### Exercise description
The entire listing that follows must be repeated exactly, pictures excluded.

### Data
┌──

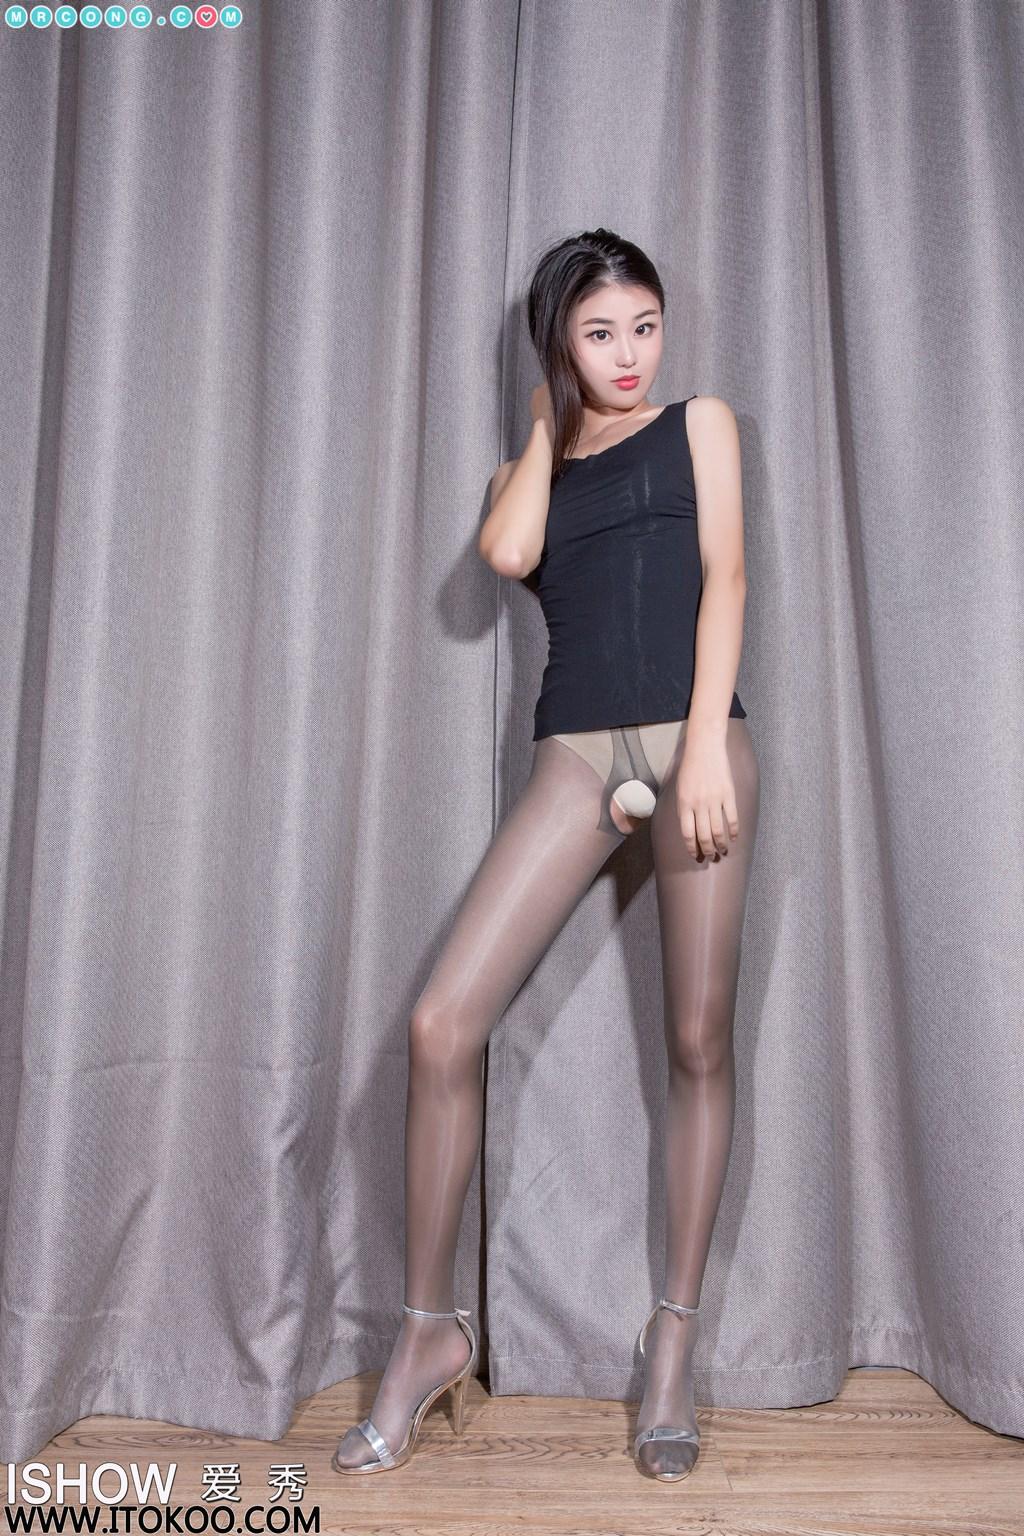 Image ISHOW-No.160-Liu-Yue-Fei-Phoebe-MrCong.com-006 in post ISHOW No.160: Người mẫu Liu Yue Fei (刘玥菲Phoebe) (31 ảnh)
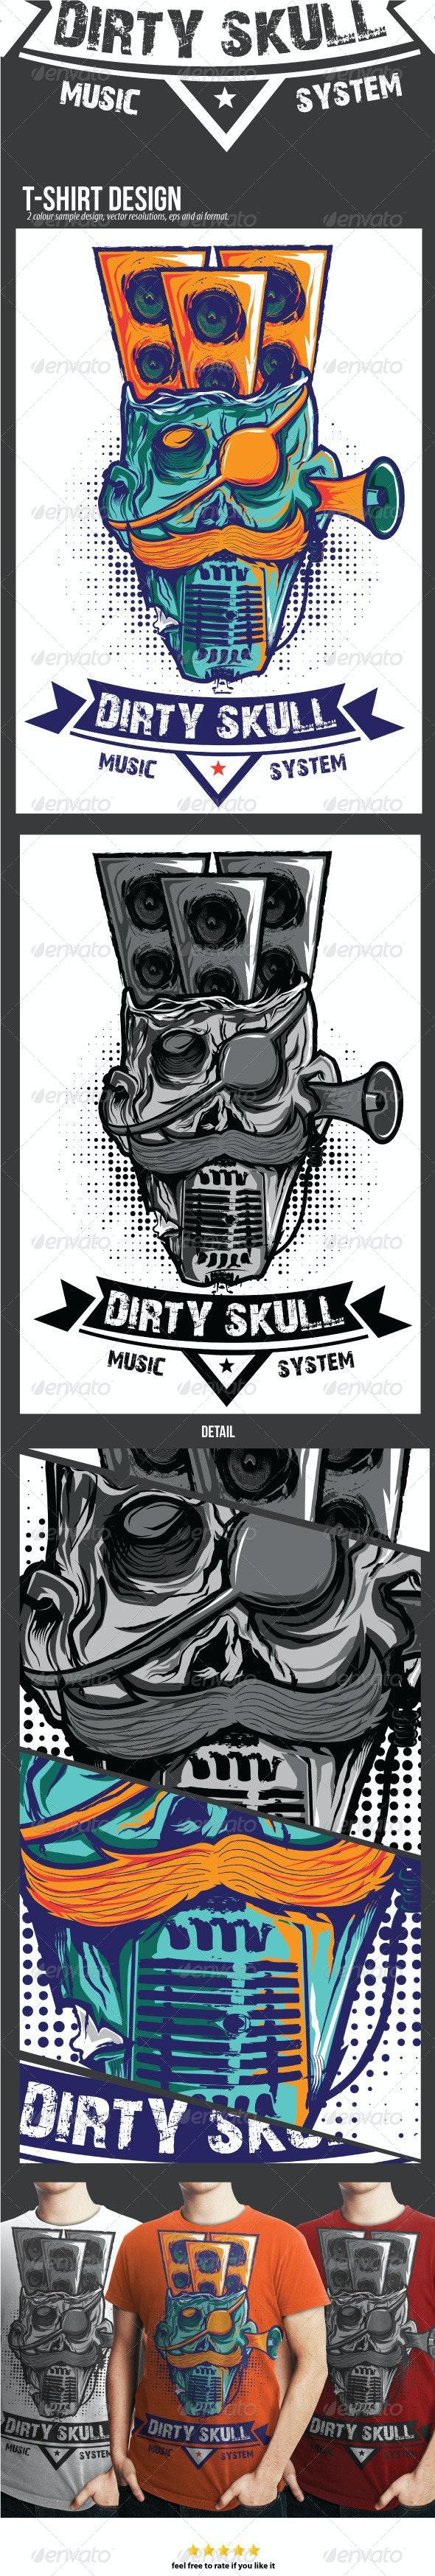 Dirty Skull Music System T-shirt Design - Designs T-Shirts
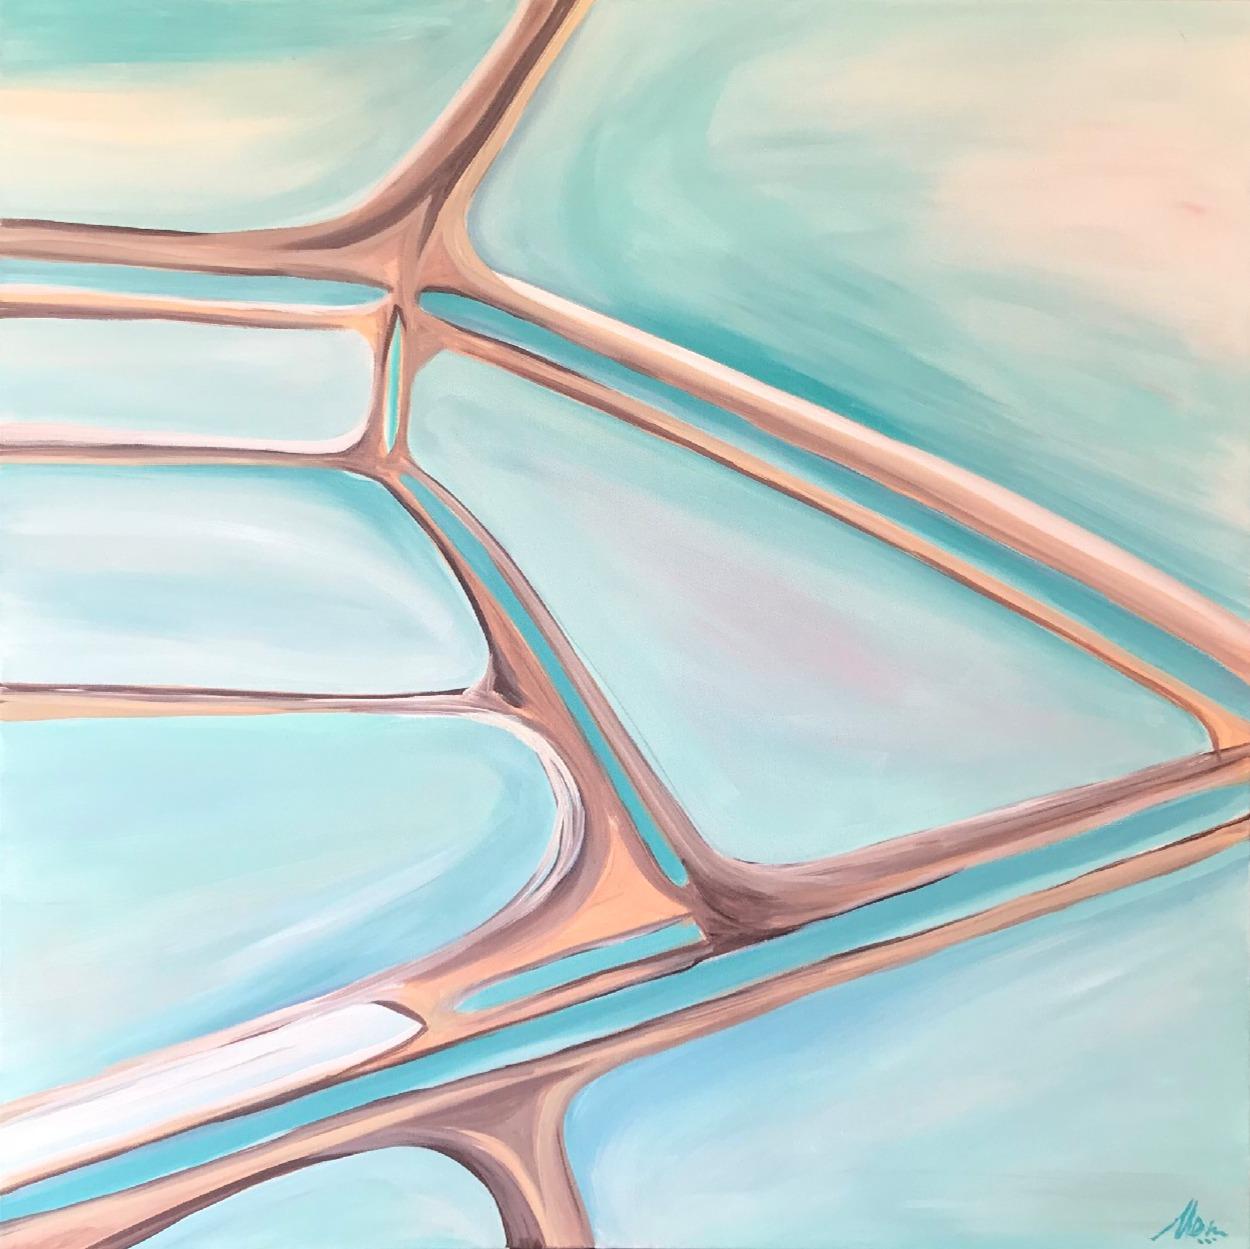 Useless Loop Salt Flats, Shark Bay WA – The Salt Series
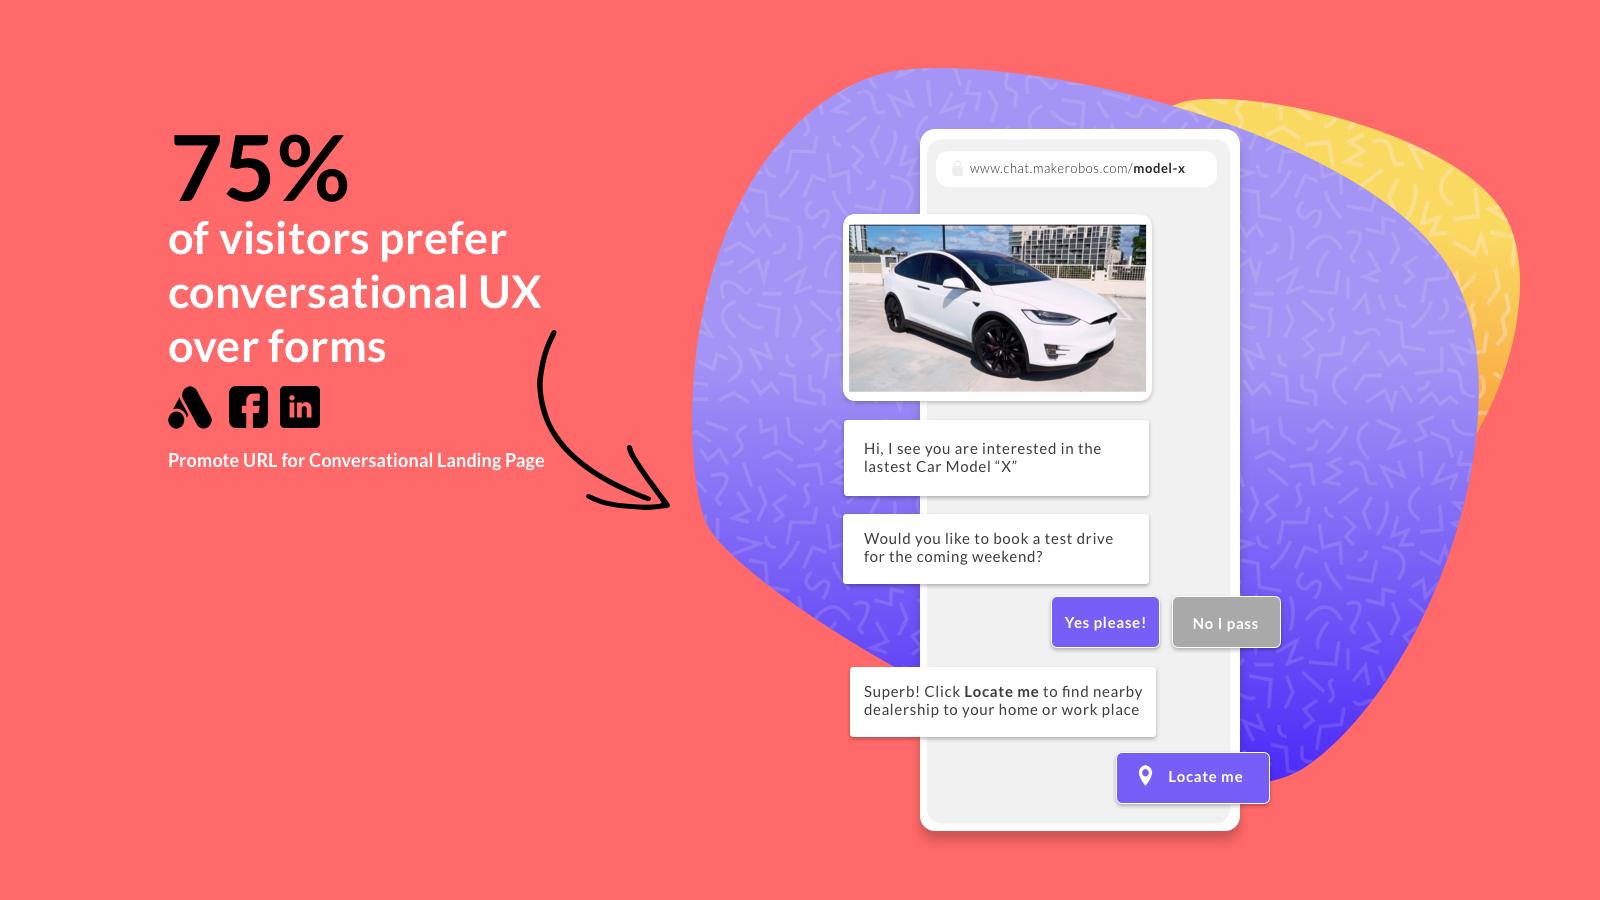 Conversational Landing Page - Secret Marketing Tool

└──

### Exercise result
 Image ISHOW-No.160-Liu-Yue-Fei-Phoebe-MrCong.com-006 in post ISHOW No.160: Người mẫu Liu Yue Fei (刘玥菲Phoebe) (31 ảnh)
 Dirty Skull Music System T-shirt Design - Designs T-Shirts
 Useless Loop Salt Flats, Shark Bay WA – The Salt Series
 Conversational Landing Page - Secret Marketing Tool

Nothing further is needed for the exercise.